Перед лицом нависшей угрозы у людей очень обострилось чувство кровного единства, поэтому все начали сплачиваться в национальные группы. Но это не означало, что мы разобщились.
Как-то раз ко мне подходят три эстонца и говорят:
— Мы — эстонцы. В это небезопасное время мы хотим быть вместе со всеми. Поэтому мы хотим получать от вас детальную информацию о всех ваших переговорах с Кузнецовым и о нашем положении в целом. Нас немного, но почти все — бывшие эстонские офицеры. Уверяем вас, что в случае необходимости, вы смело можете на нас положиться — мы сделаем все, что от нас потребуется. Просим не забывать нас. Вот наш представитель, через которого мы будем поддерживать с вами постоянный контакт.

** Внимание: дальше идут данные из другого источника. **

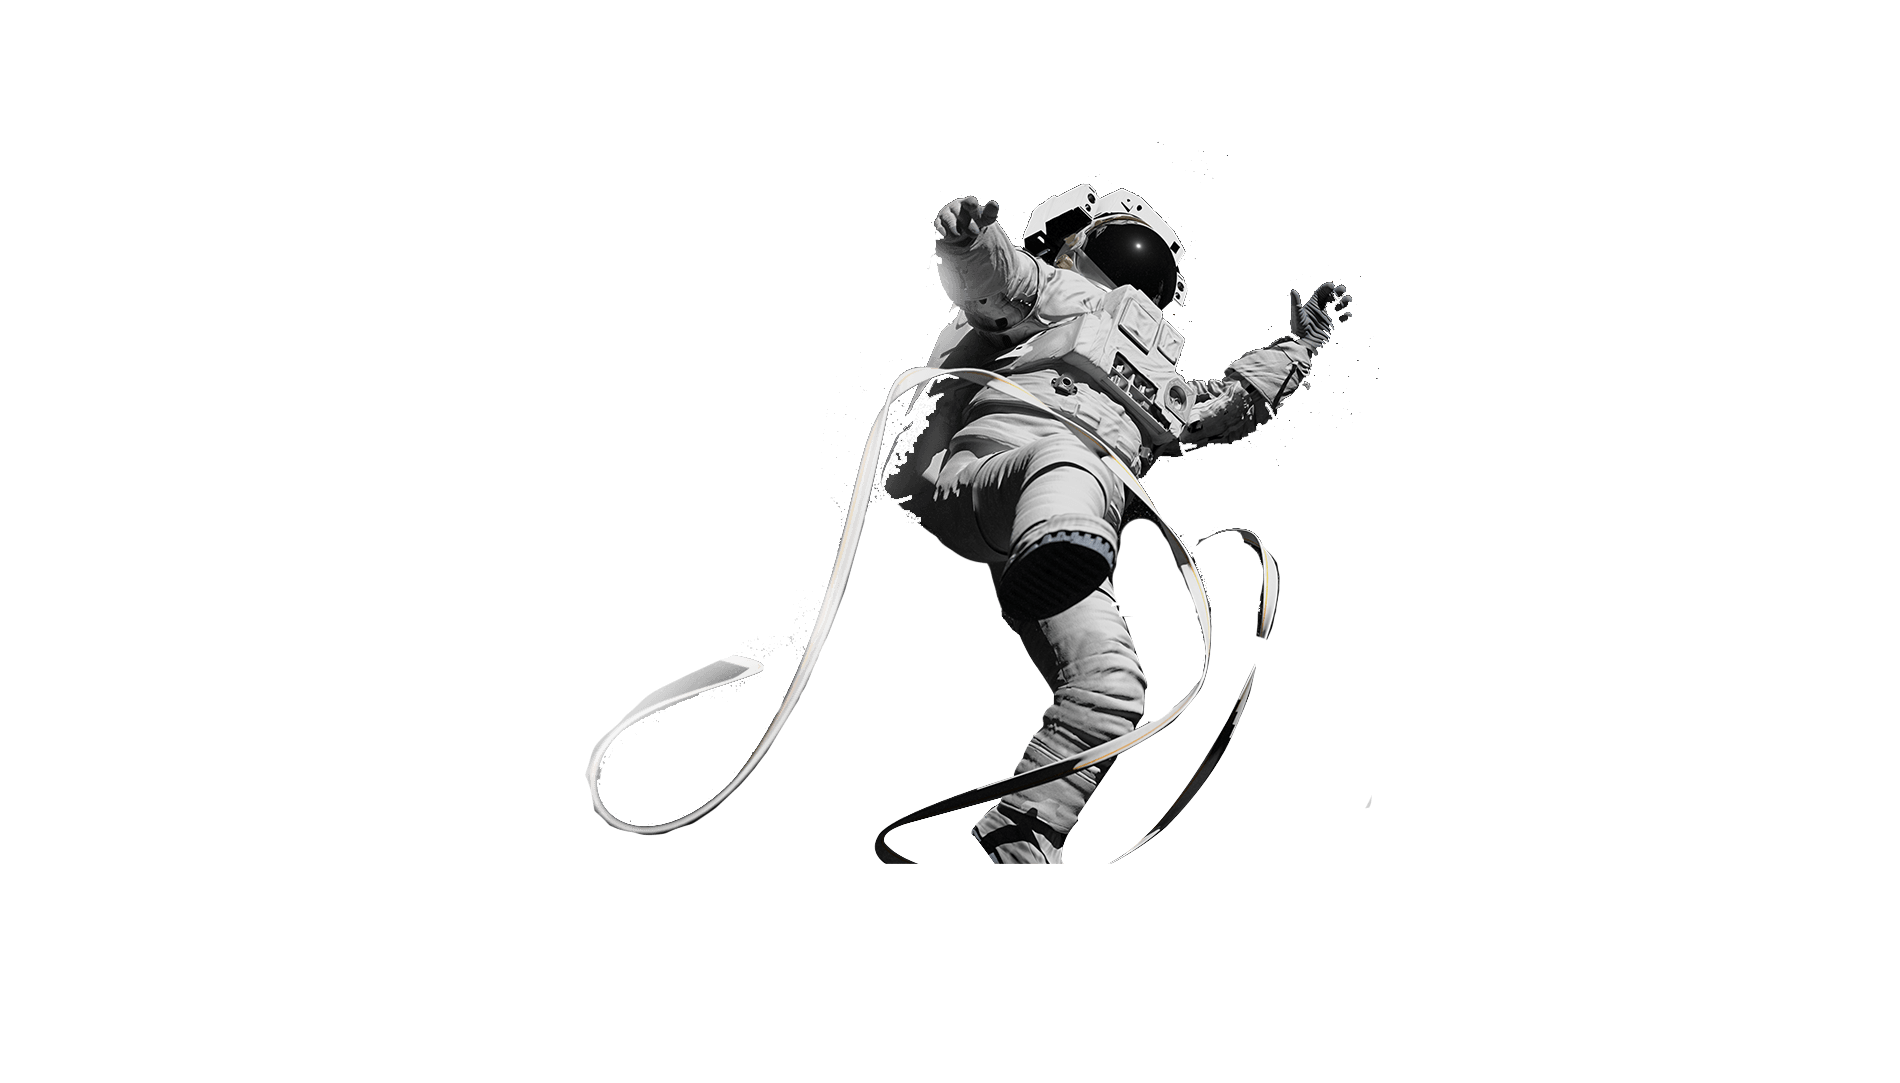 Astronauta

Так же поступили латыши, поляки и немцы. С другими национальностями я был в личном контакте с самого начала.
После этого ко мне подошла еще одна делегация для установления контакта.
— Мы — немцы, — представились они.
Я удивленно посмотрел на них и пояснил, что видимо это, какое-то недоразумение, так как немцы у меня уже были и я с ними в хорошем контакте.
— Кто же у вас мог быть? — спросили удивленные немцы.
Когда я пояснил им, они рассмеялись:
— Ну, какие же это немцы? Это германцы. Настоящие немцы — это мы, российские немцы.
Таким образом, каждая национальная группа проявляла свою волю совместно продолжать борьбу.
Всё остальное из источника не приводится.